When we got nearer to the stall front, the uncle told us that the dry version had all sold out (probably no more sauces to make dry noodles), and only soup version was available. I took a quick glance at the noodles tray, and it looked dangerously low on supply. Was thinking that worse case scenario, we'll only get to drink the beef noodles soup without any rice nor noodles. We can't give up after queueing for this long!

The customer in front of me, has indeed taken the last of the beehoon when one of the stall uncle returned with one more packet of noodles freshly bought from the market. Phew!

A small bowl of beef noodles slices costs $3 while the mixed part costs $4 per bowl.
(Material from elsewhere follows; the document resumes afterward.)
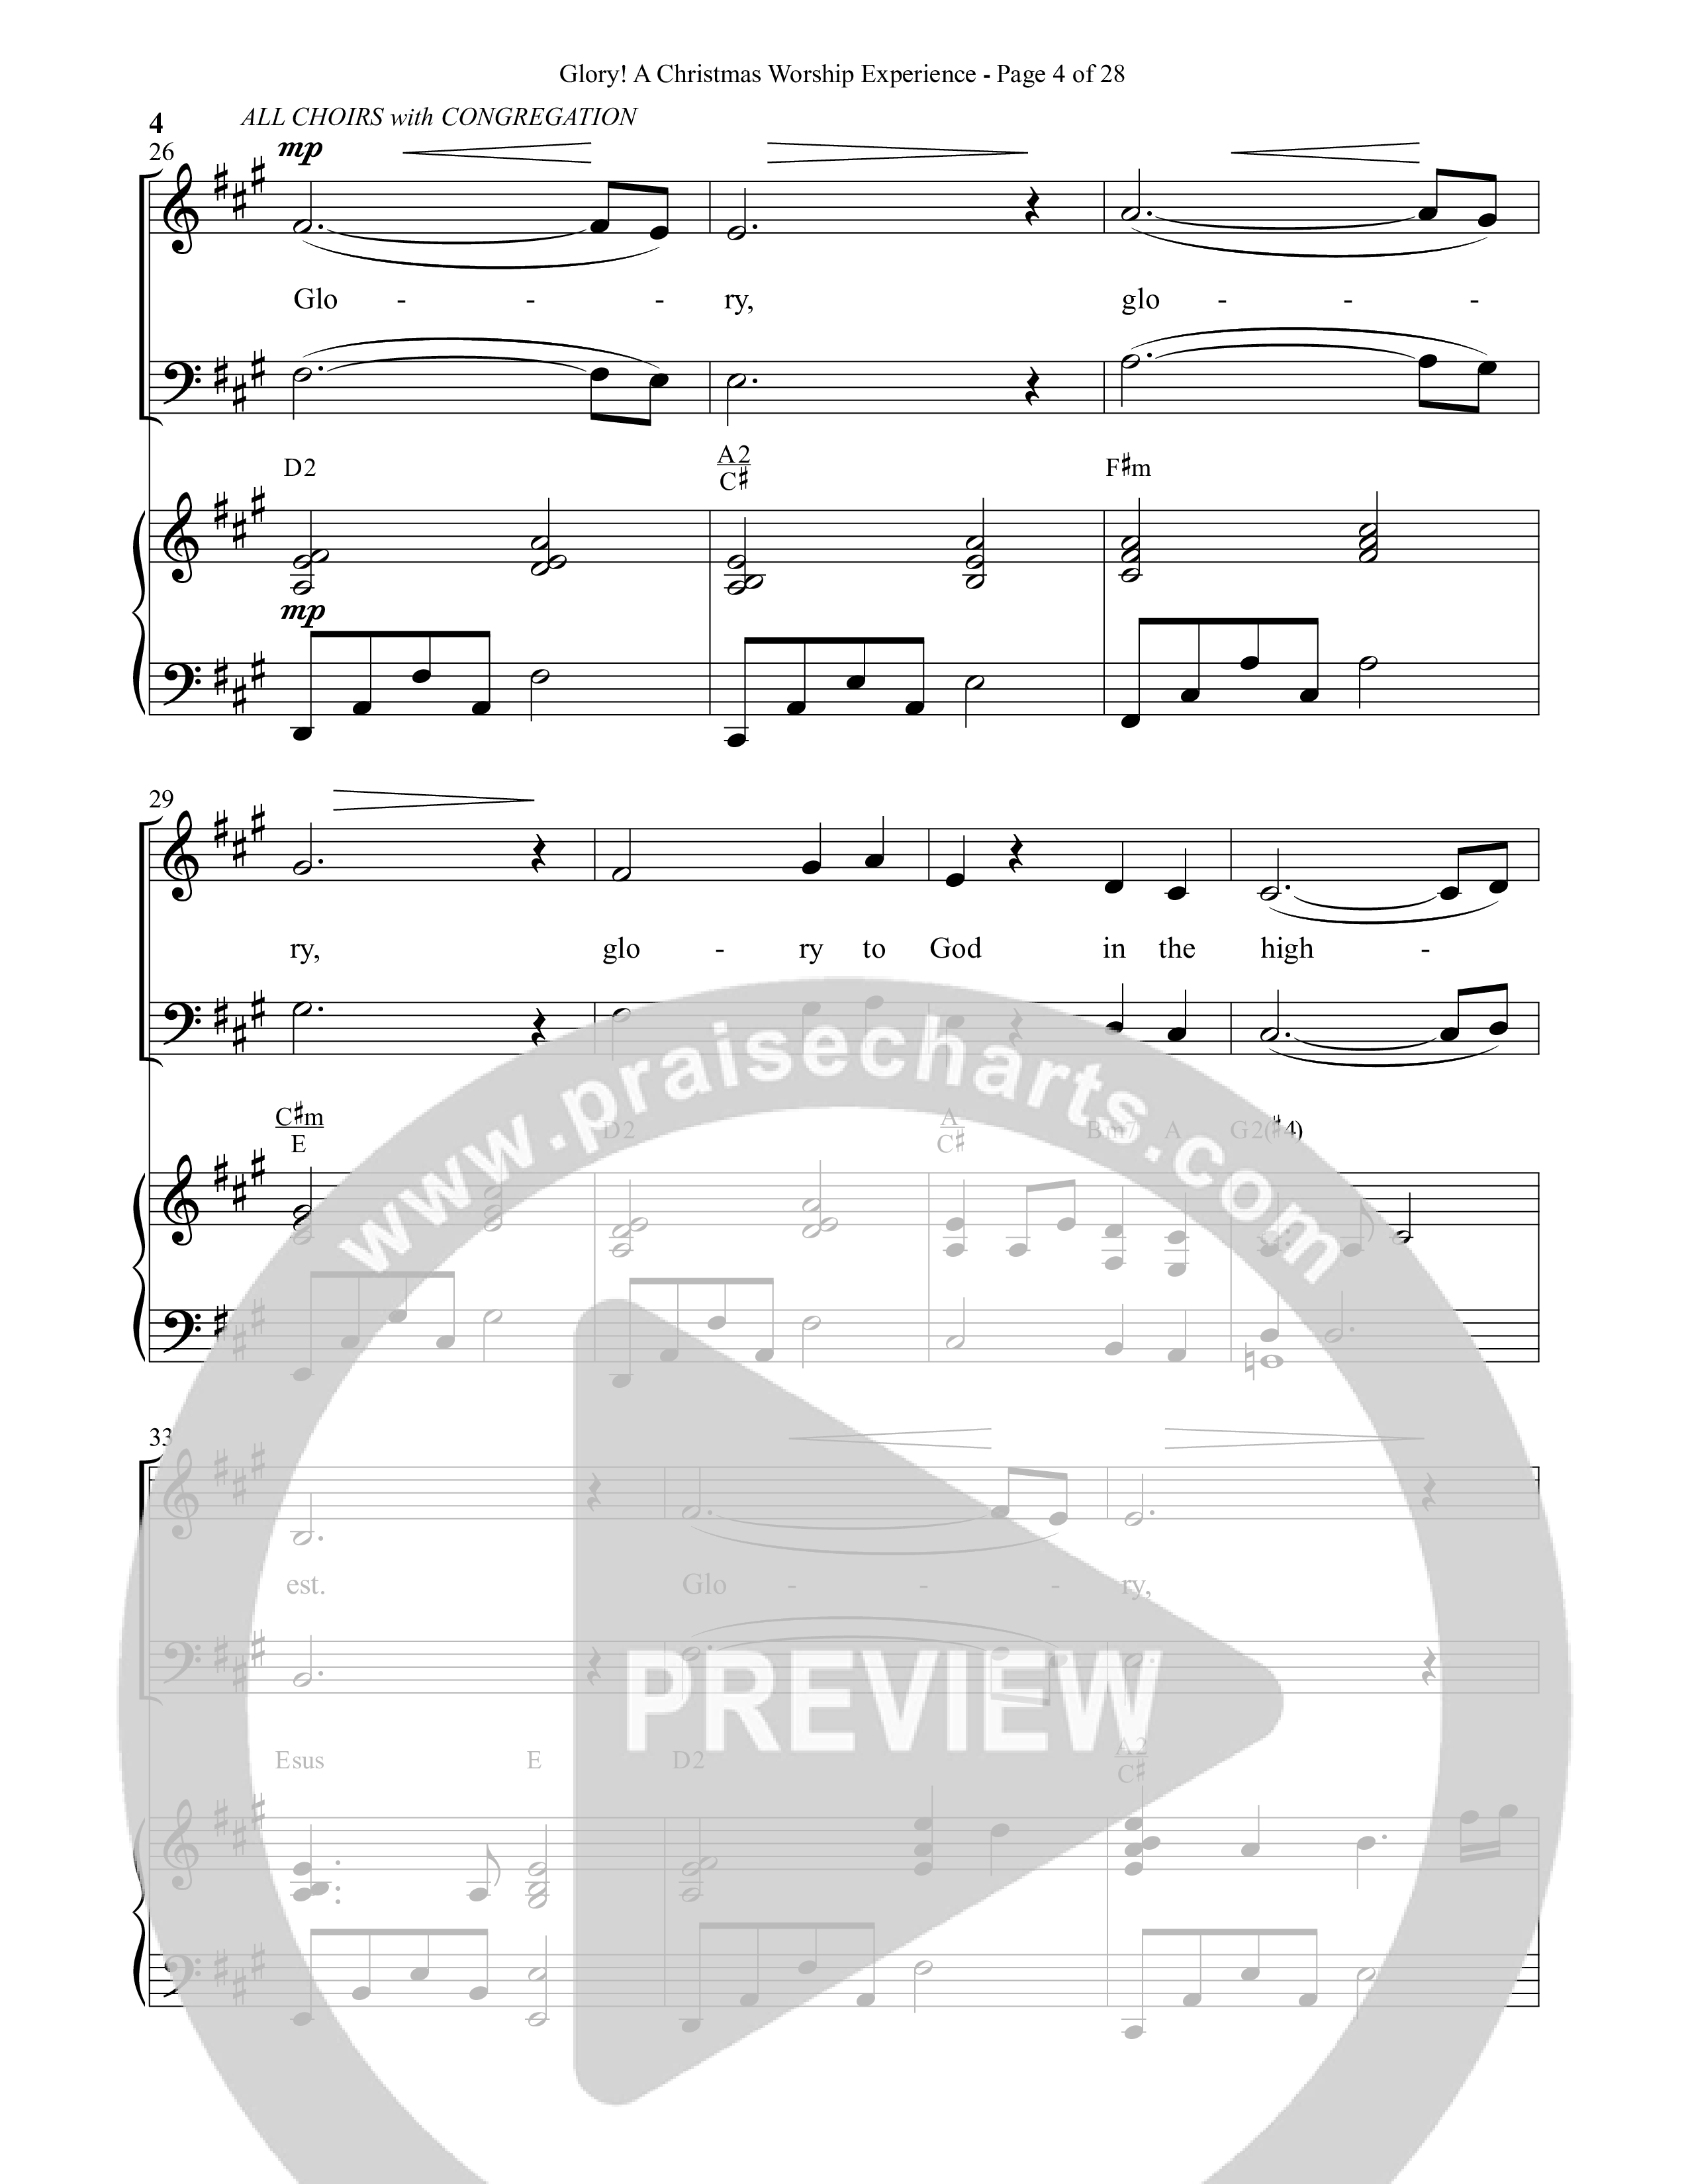 Glory: A Christmas Worship Experience (Choral Anthem SATB) Anthem (SATB/Piano) (Semsen Music / Arr. John Bolin / Orch. Cliff Duren)

mixed part beef noodles soup

Liked the mixed bowl because it has generous servings of mixed parts, beef slices and beef balls. 4 beef balls to be exact! Wow! There's preserved salted vege bits heaped onto the noodles, together with chopped spring onions, as condiments. The soup was tasty, and not overly salty. It has a robust beefy flavour. The beef slices were tender without it being overly thinly sliced. Nice. The dipping chili sauce was good too. Its spiciness tingles but not overpowering. Good companion to the meat.

The stall uncle who prepares our order, although busy, was quite genial. And the uncle who cooks all those bowls after bowls after bowls of noodles, remained cool despite the heat from the stove.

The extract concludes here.